Доктрина Монро 1823 года, как её изложил президент, состояла из нескольких компонентов.[270] (1) Соединенные Штаты провозгласили, что континенты Северной и Южной Америки «отныне не должны рассматриваться как объекты для будущей колонизации какой-либо европейской державой». (2) Соединенные Штаты заявили, что будут рассматривать любое европейское политическое вмешательство в Западное полушарие как «опасное для нашего мира и безопасности». (3) В качестве ответного жеста изоляционизма Соединенные Штаты заявили, что не будут вмешиваться в европейские войны или «внутренние проблемы». (4) В версии доктрины Адамса Соединенные Штаты также запрещали Испании передавать какие-либо из своих владений в Новом Свете любой другой европейской державе. Этот «принцип непередачи», как его называют, не был включен в речь президента, но американские политики рассматривали его как имеющий равное значение с другими компонентами доктрины.[271]

С точки зрения международной политики доктрина Монро представляла собой момент, когда Соединенные Штаты почувствовали себя достаточно сильными, чтобы утвердить «сферу влияния», которую должны уважать другие державы. С точки зрения национальной психологии, доктрина Монро ознаменовала момент, когда американцы перестали смотреть на восток через Атлантику и повернулись лицом на запад через весь континент. Изменение ориентации нашло отражение во внутриполитических раскладах. В 1790-х годах разное отношение к Французской революции сыграло основную роль в определении политической принадлежности американцев к федералистам или республиканцам. Во втором партийном конфликте, который возник бы по мере распада консенсуса Монро, разное отношение к экспансии на запад, индейской политике и войне с Мексикой стало бы, соответственно, основополагающим. В 1850-х годах третья партийная система также возникнет на основе проблемы, созданной экспансией на запад: распространения рабства на территории.

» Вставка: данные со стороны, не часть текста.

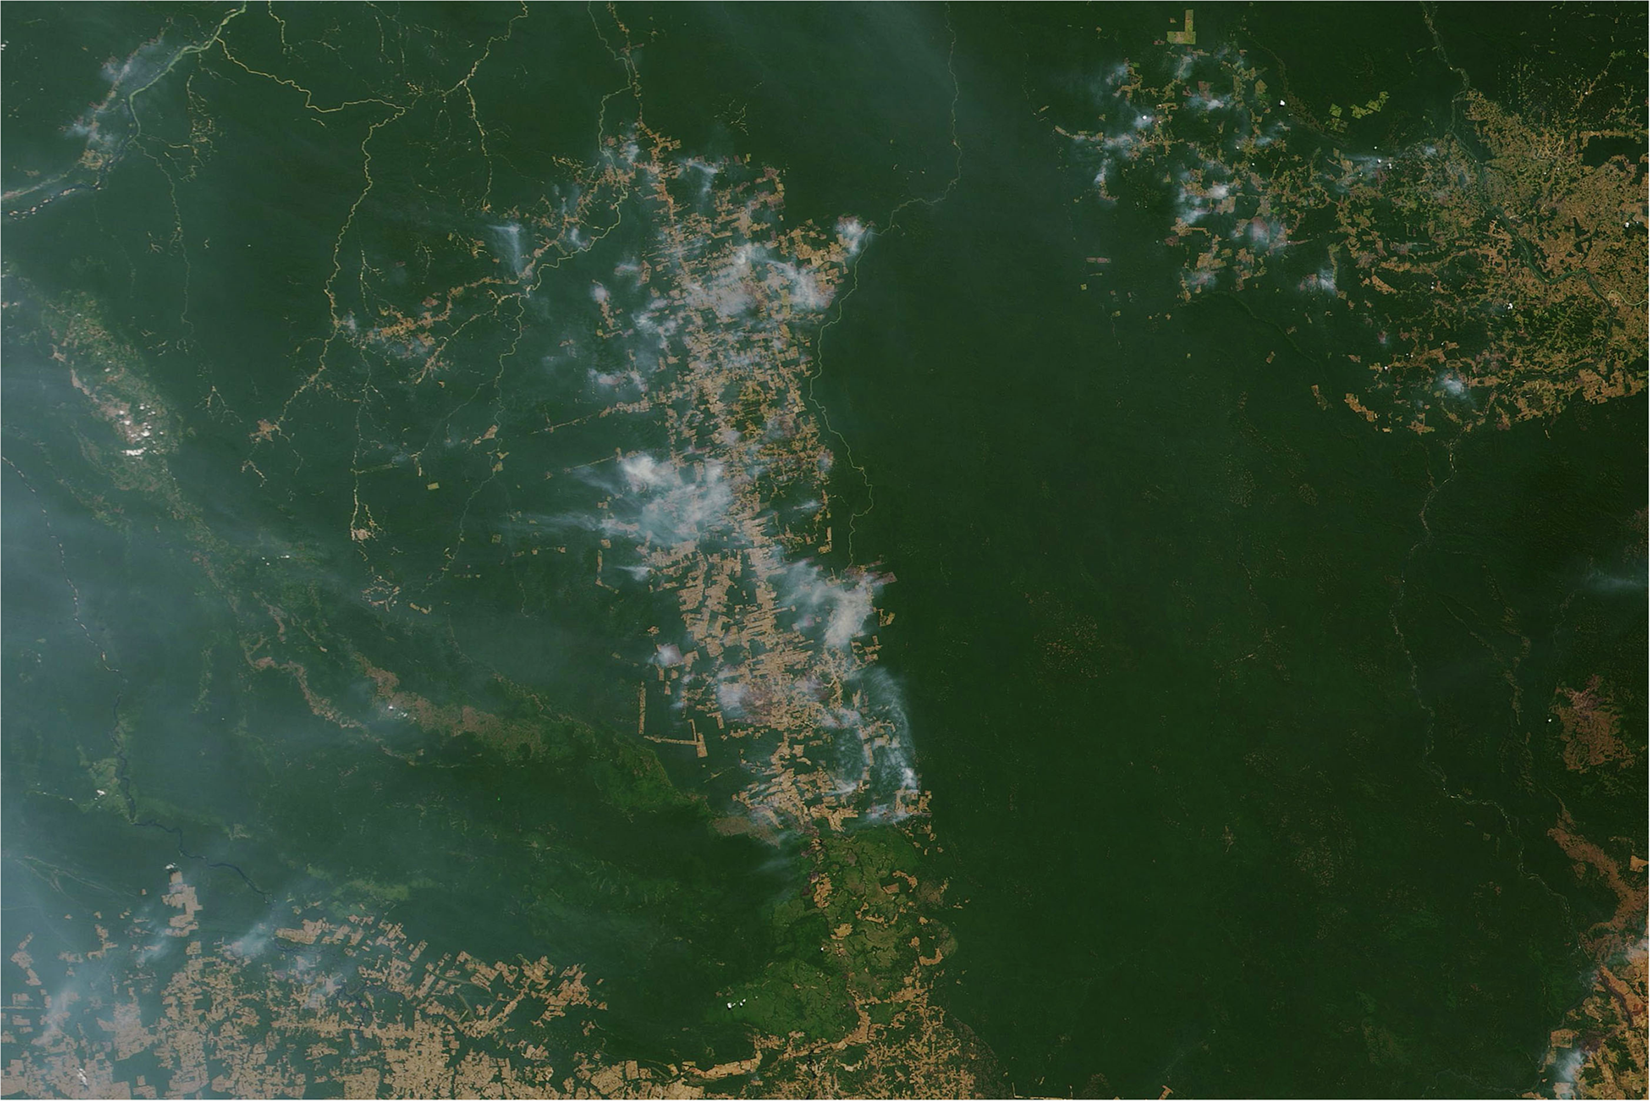 Introducing a global planetary ecosystem accounting in the wake of the  Amazon Forest fires | Humanities and Social Sciences Communications

Непосредственная русская угроза Орегону была сдержана, когда американцы и британцы заключили с русскими отдельные соглашения в 1824 и 1825 годах, соответственно, определив южную границу Аляски как 54°40′ северной широты — её нынешнюю границу.[272] (Эти соглашения не затронули русский торговый пост в Форт-Росс, Калифорния, поскольку он находился на мексиканской территории). В других регионах Западного полушария Соединенные Штаты не предпринимали ранних усилий по обеспечению соблюдения принципа отказа от колонизации; например, британская оккупация Фолклендских островов в 1833 году не вызвала никакой реакции со стороны США. В течение многих лет латиноамериканские страны больше торговали с Британией, чем с Соединенными Штатами, и в вопросах стратегической безопасности больше полагались на королевский флот, чем на доктрину Монро. Американские отношения с Россией вскоре стали самыми дружественными из всех отношений с крупными европейскими державами. В результате доктрина Монро оказалась более важной в долгосрочной перспективе, чем в краткосрочной. Соединенные Штаты впервые всерьез прибегли к доктрине Монро только после Гражданской войны, когда убедили Наполеона III отказаться от военной поддержки Максимилиана фон Габсбурга в Мексике. После этого доктрина занимала все большее место в воображении американской общественности.[273]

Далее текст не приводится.